Lo creo algo coloquial, pero quiero saber si se dice así en México.

Gracias


----------



## Saúl Ortega

La frase está perfectamente bien dicha. De sí es coloquial o no, depende del contexto en que se trate...


----------



## teatom

Es muy gracioso observar, que en la mayoria de los idimas, la gente no sabe manejar bien los tres condicionales!!! La frase correcta sería: no habrIA durado mucho!!!
Los tres condicionales son los siguientes: 1) si llueve, no voy,/If it rains, I won't go 2) si llovIESE, no irIA (no: iba!!!) /If it rainED, I would not go 3) si HUBI*ESE* /HUB*IERA *llovido, no HABR*ÍA* ido /If it had rained, I would not have gone!!


----------



## flljob

Es muy común usar el imperfecto compuesto en lugar del condicional: _no hubiera ido, si no hubiera tenido necesidad_, y me parece que esto sucede en todas partes, no sólo en México.

Saludos


----------



## elprofe

En España la gente también usa "hubiera" en vez de "habría".
Ambos son correctos.


----------



## teatom

Con todo el respeto PROFE, hubiera /hubiese  y  habría SON OPUESTOS y que la primera forma va en la frase del SI y la otra en la frase pincipal!!!:
Si hubiese/hubiera nacido en EEUU, no tendrÍA que aprender English:
Si hubIESE/IERA _(no: habría!!!)_ tenido la plata, lo habrIA comprado (_no "compraBA" como tambien se dice en Bogota)_
iera/iese es SUBJUNTIVO y ia/aba es INDICATIVO!!!


----------



## Lurrezko

teatom said:


> Con todo el respeto PROFE, hubiera /hubiese  y  habría SON OPUESTOS y que la primera forma va en la frase del SI y la otra en la frase pincipal!!!:
> Si hubiese/hubiera nacido en EEUU, no tendrÍA que aprender English:
> Si hubIESE/IERA _(no: habría!!!)_ tenido la plata, lo habrIA comprado (_no "compraBA" como tambien se dice en Bogota)_
> iera/iese es SUBJUNTIVO y ia/aba es INDICATIVO!!!

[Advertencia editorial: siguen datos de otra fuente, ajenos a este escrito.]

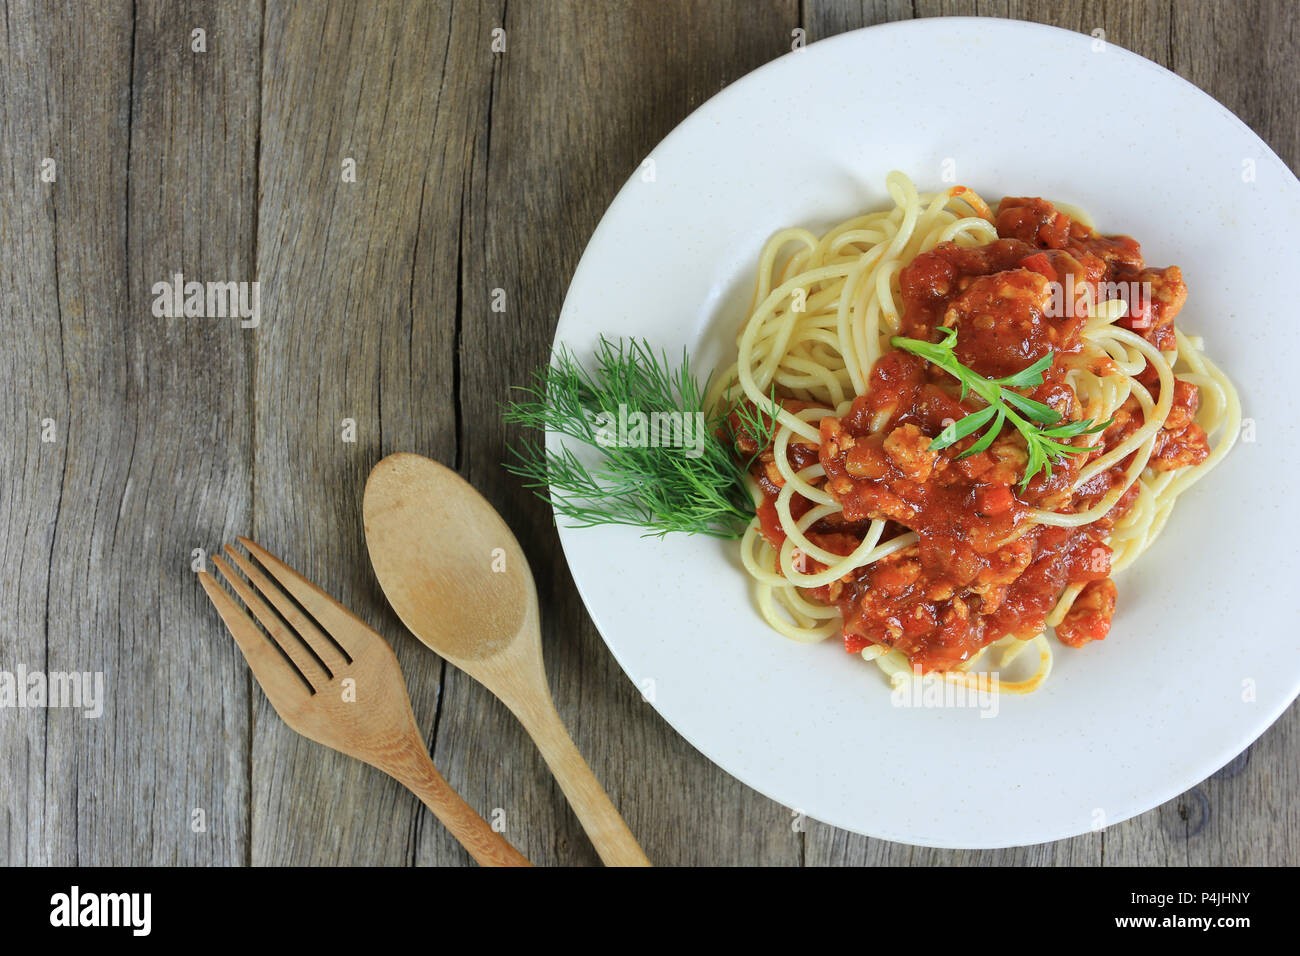 Spaghetti with tomato sauce in a white dish on wooden floor background and have copy space in concept of eating good food is health care. Stock Photo

De la Gramática de la Lengua Española:

SUBORDINACIÓN CIRCUNSTANCIAL:

II. Prótasis en subjuntivo: 
   c) Pretérito: Prótasis: Pluscuamperfecto de subjuntivo, en sus dos formas. Apódosis: *Forma -ra del pluscuamperfecto de subjuntivo* o *condicional* *perfecto o simple*. _Señor, qué tonto hubiera andado yo, si hubiera escogido en albricias los despojos de la primera aventura (Cervantes, Quijote, II, 12)_

El ejemplo es del Quijote, pero la construcción es perfectamente correcta en el español actual. Ambas formas (con pluscuamperfecto de subjuntivo o con condicional) son correctas, habituales e intercambiables. Creo que hay que ser prudente al dar lecciones de lengua a los propios nativos


----------



## chileno

miklo3600 said:


> Hola:
> 
> Heard on a novela mexicana:
> 
> No hubiera durado mucho.
> It probably didn't last wrong.
> 
> Lo creo algo coloquial, pero quiero saber si se dice así en México.
> 
> Gracias



No hubiera durado mucho = (I/he/she) wouldn't have lasted much.

¿No?


----------



## duvija

El subjuntivo y el condicional se mezclan en todos los dialectos/variantes del castellano. Y cada vez más. Se dice que el subjuntivo en "-ese" se está perdiendo, pero eso también es dialectal (no se está perdiendo en todos los países).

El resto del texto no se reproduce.